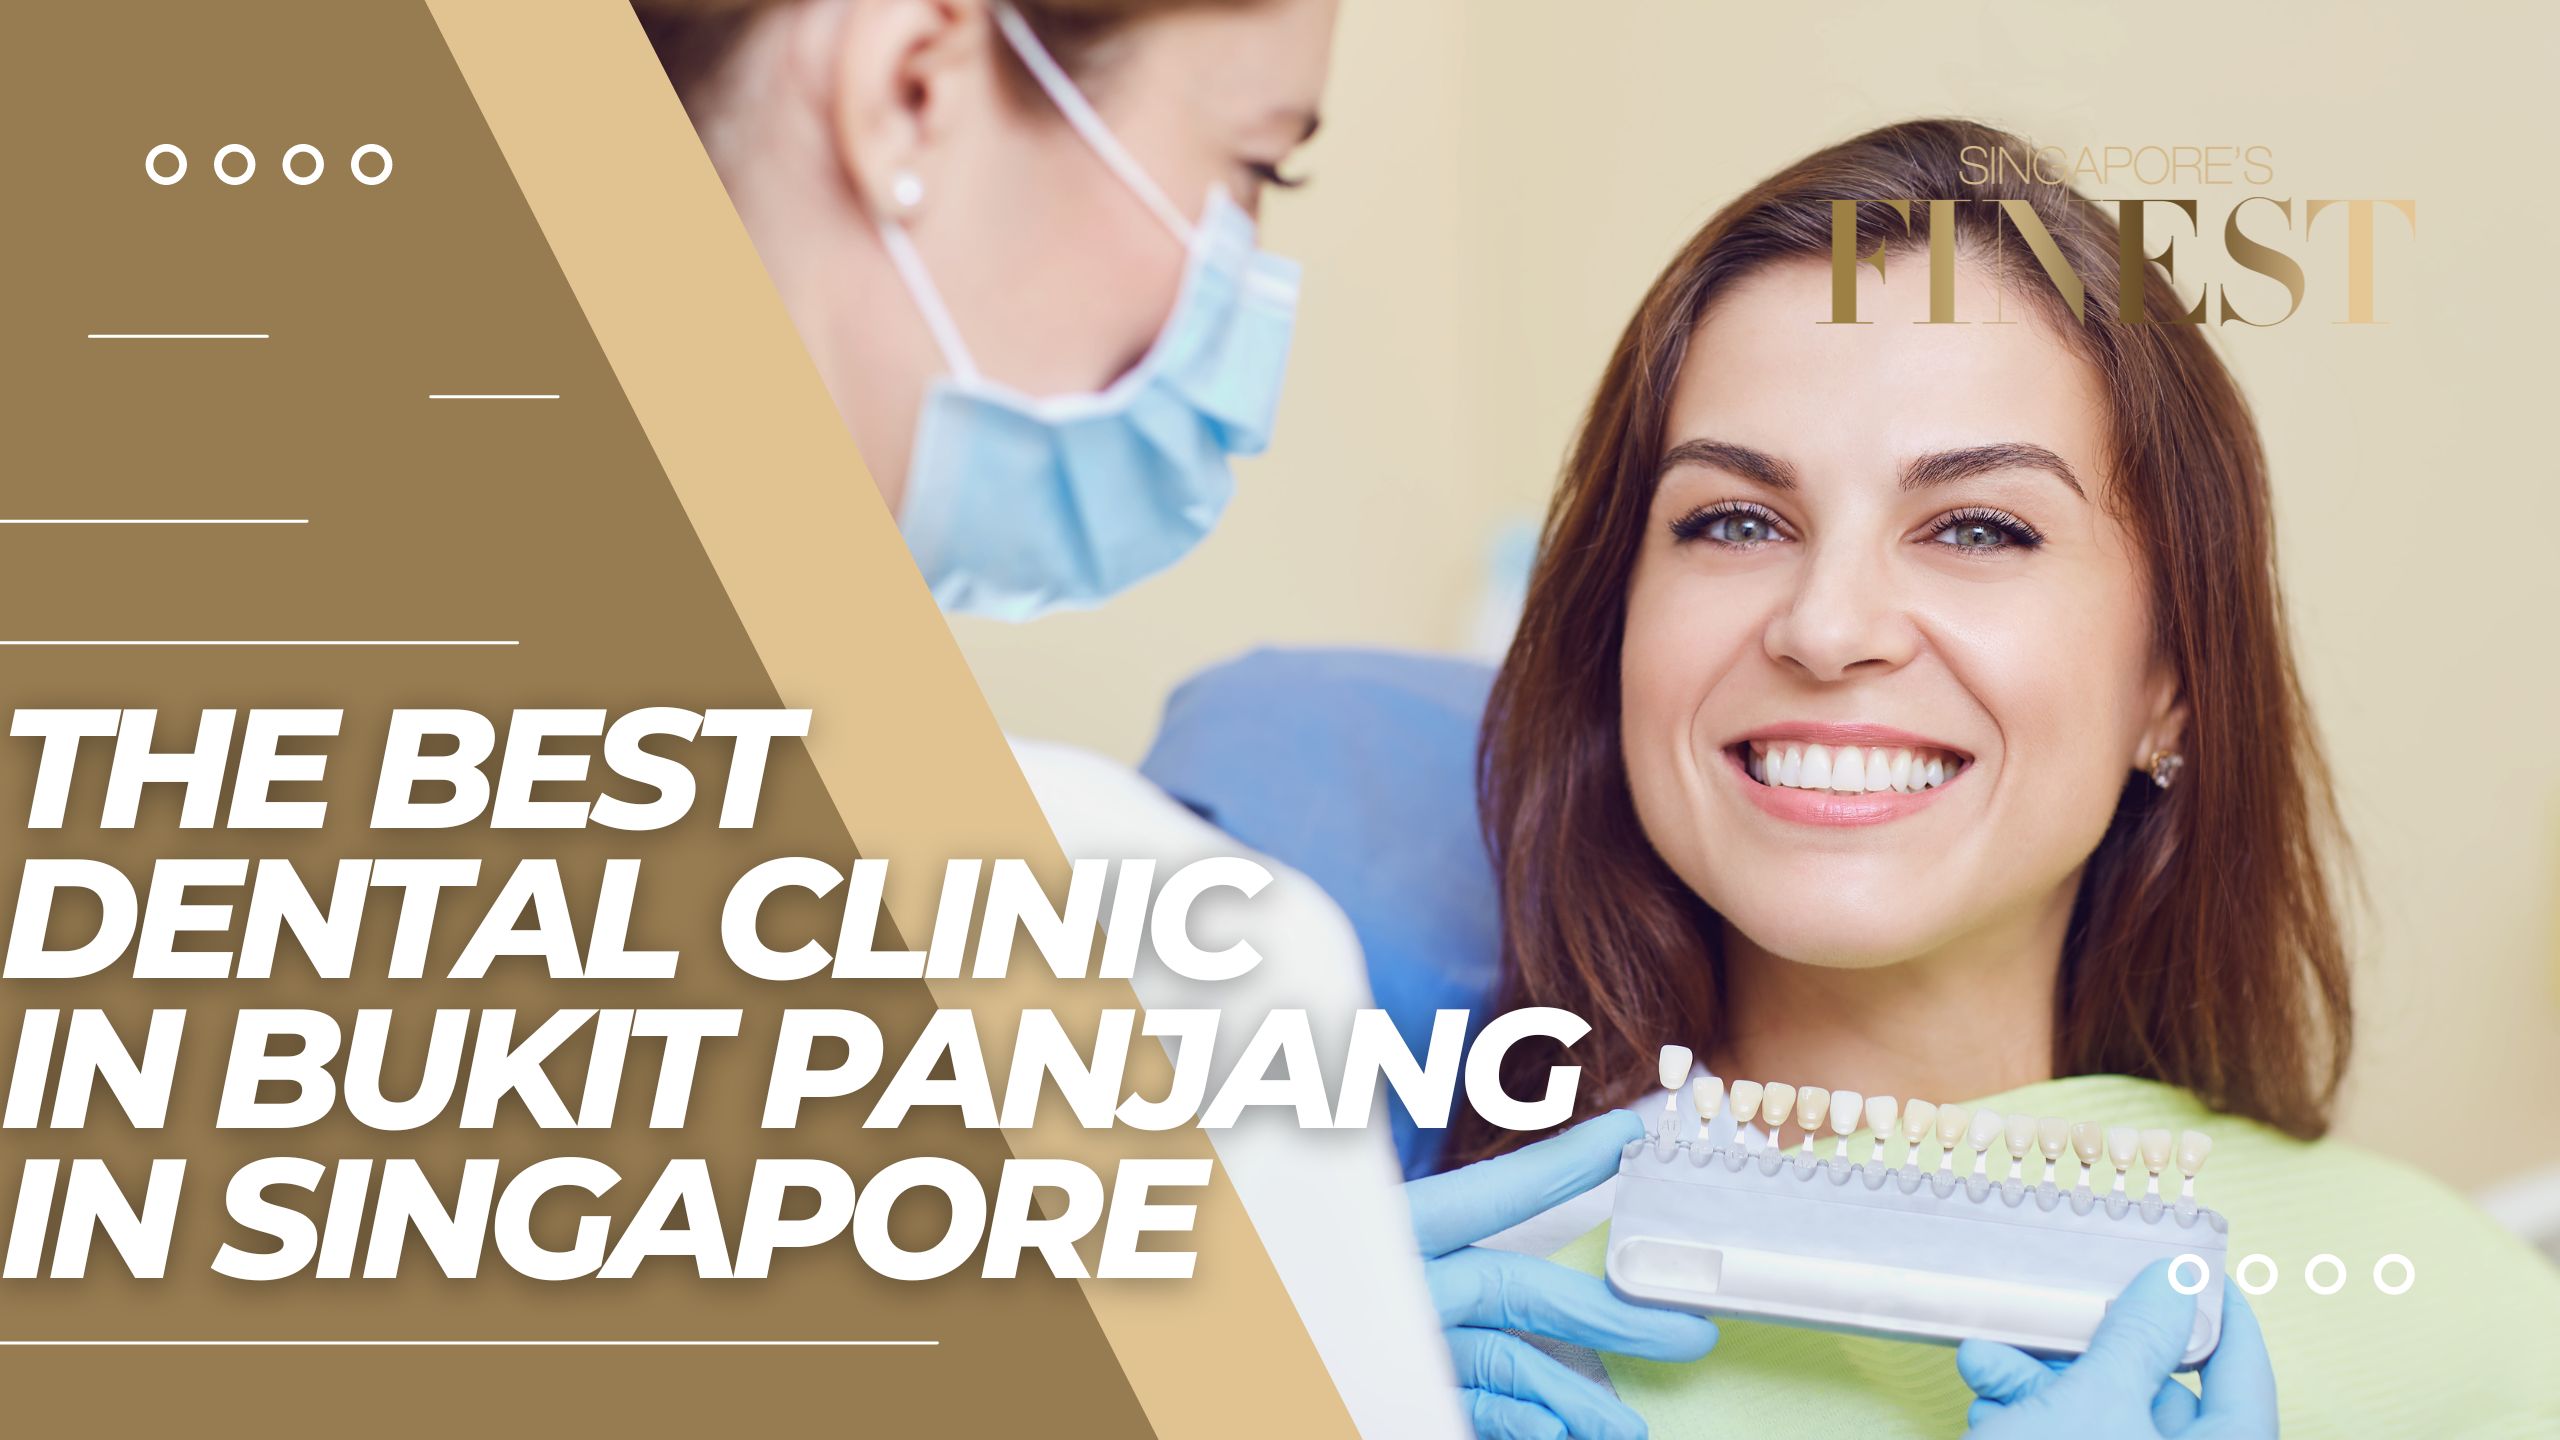 The Finest Dental Clinic in Bukit Panjang in Singapore
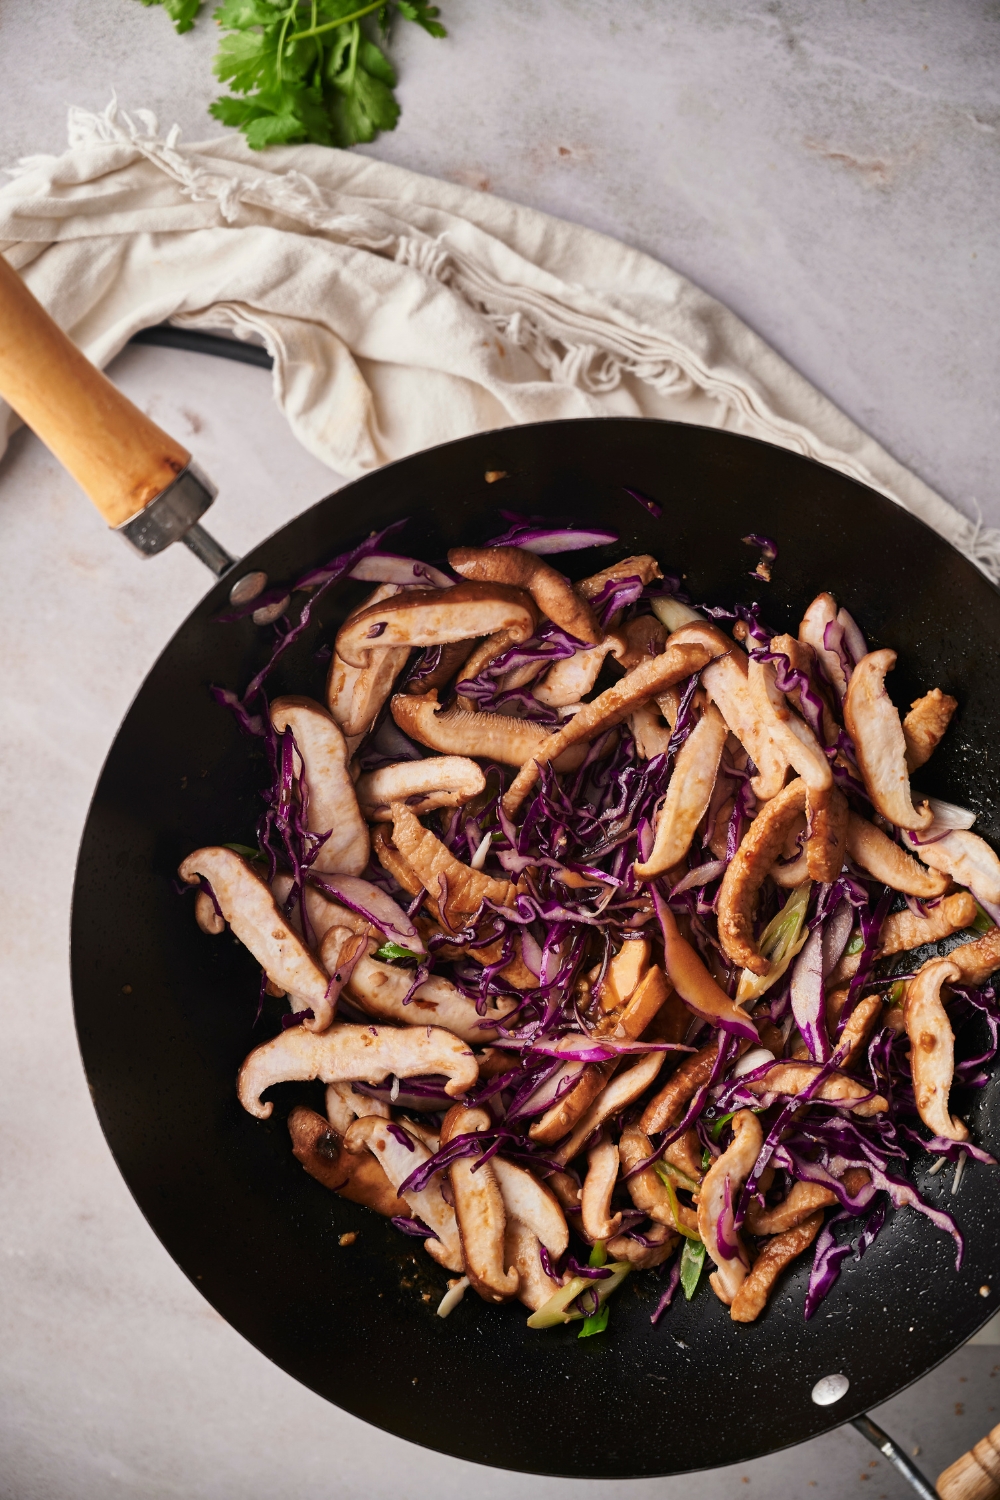 Part of a skillet with moo shu pork and shredded purple cabbage in a wok.
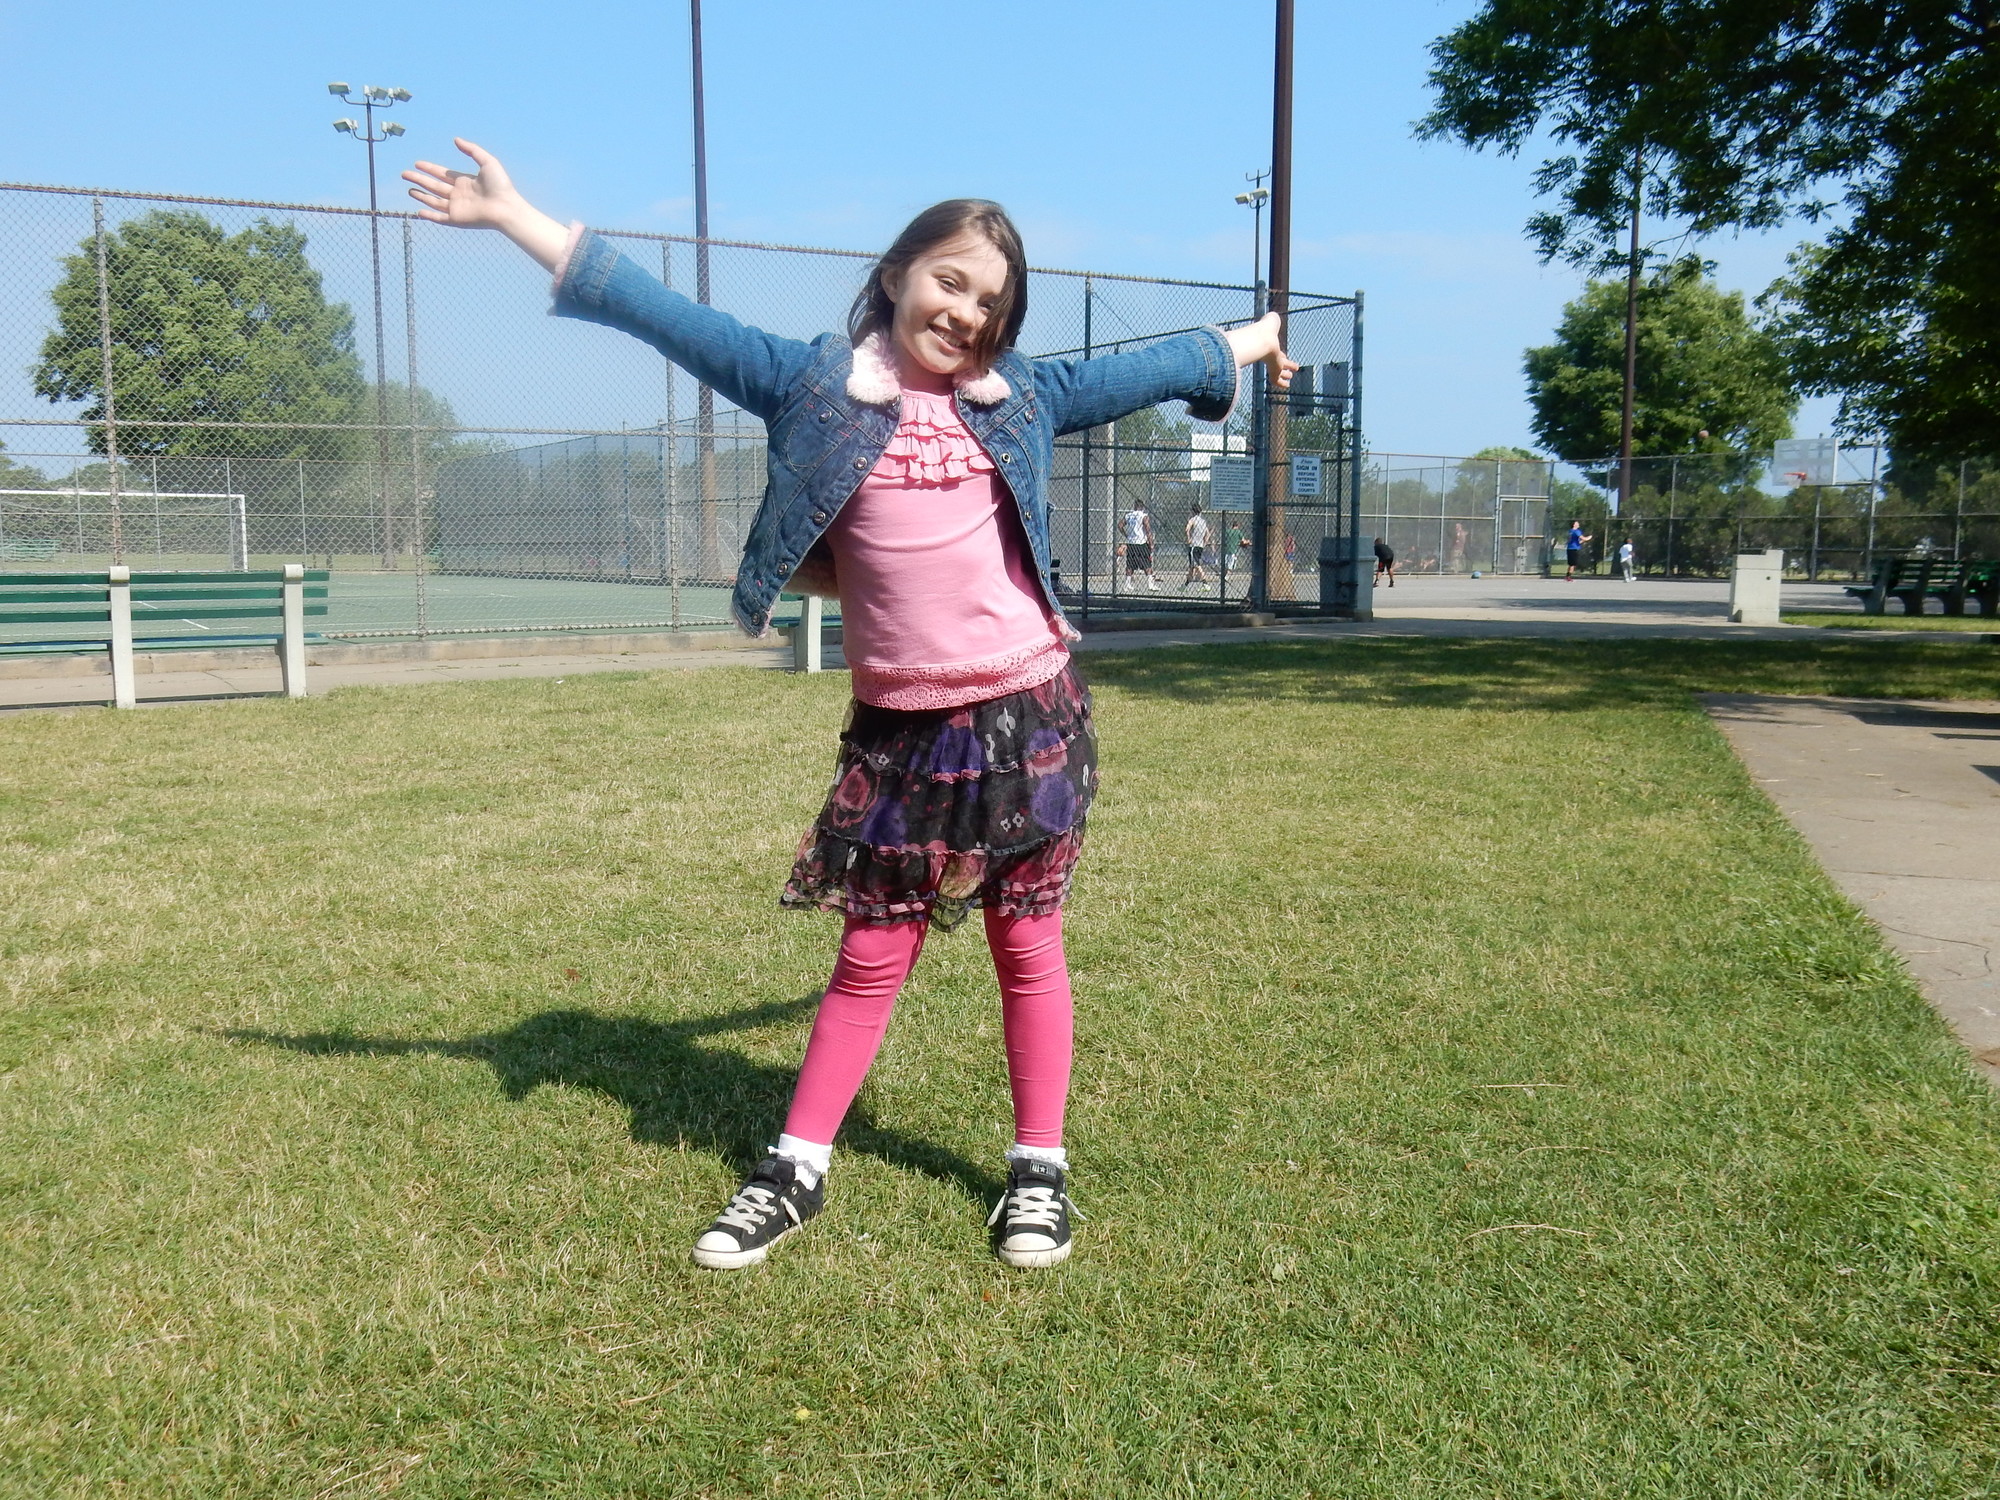 Giada Blume, 8, striking a pose at Speno Park, performed in eight shows of “Ever After” at the Paper Mill Playhouse from May 21 to June 21.
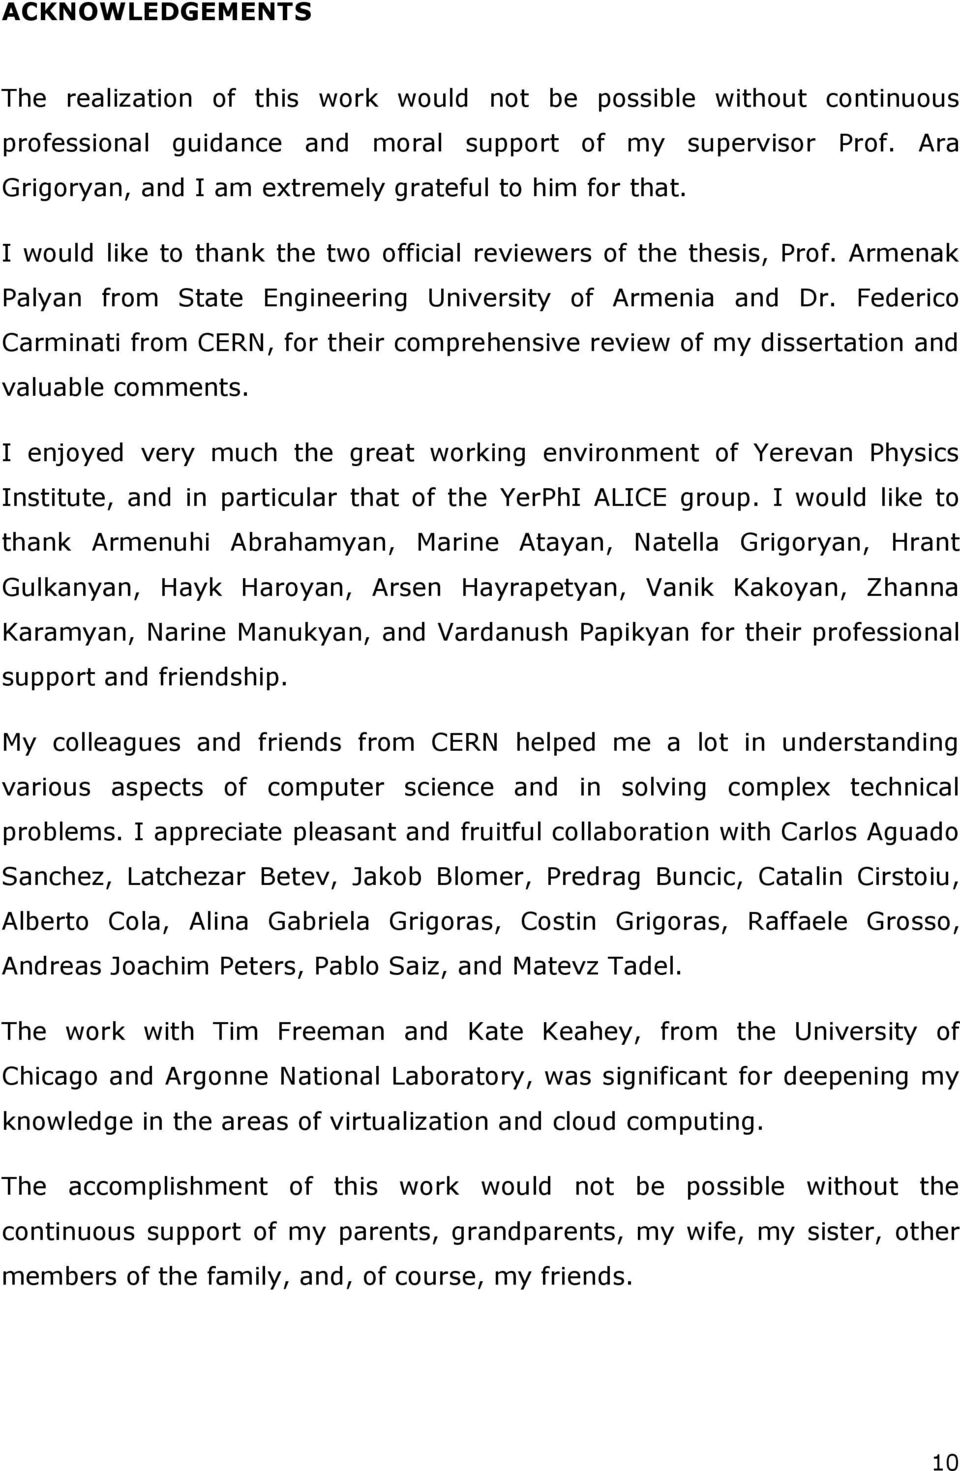 Federico Carminati from CERN, for their comprehensive review of my dissertation and valuable comments.

INSTRUCTIONS TO FOLLOW - For this exercise, transcribe the data above line by line, exactly, with pictures omitted.

REPLY TO THE TASK -
 The Finest Dental Clinic in Bukit Panjang in Singapore
 Part of a skillet with moo shu pork and shredded purple cabbage in a wok.
 Giada Blume, 8, striking a pose at Speno Park, performed in eight shows of “Ever After” at the Paper Mill Playhouse from May 21 to June 21.
 Federico Carminati from CERN, for their comprehensive review of my dissertation and valuable comments.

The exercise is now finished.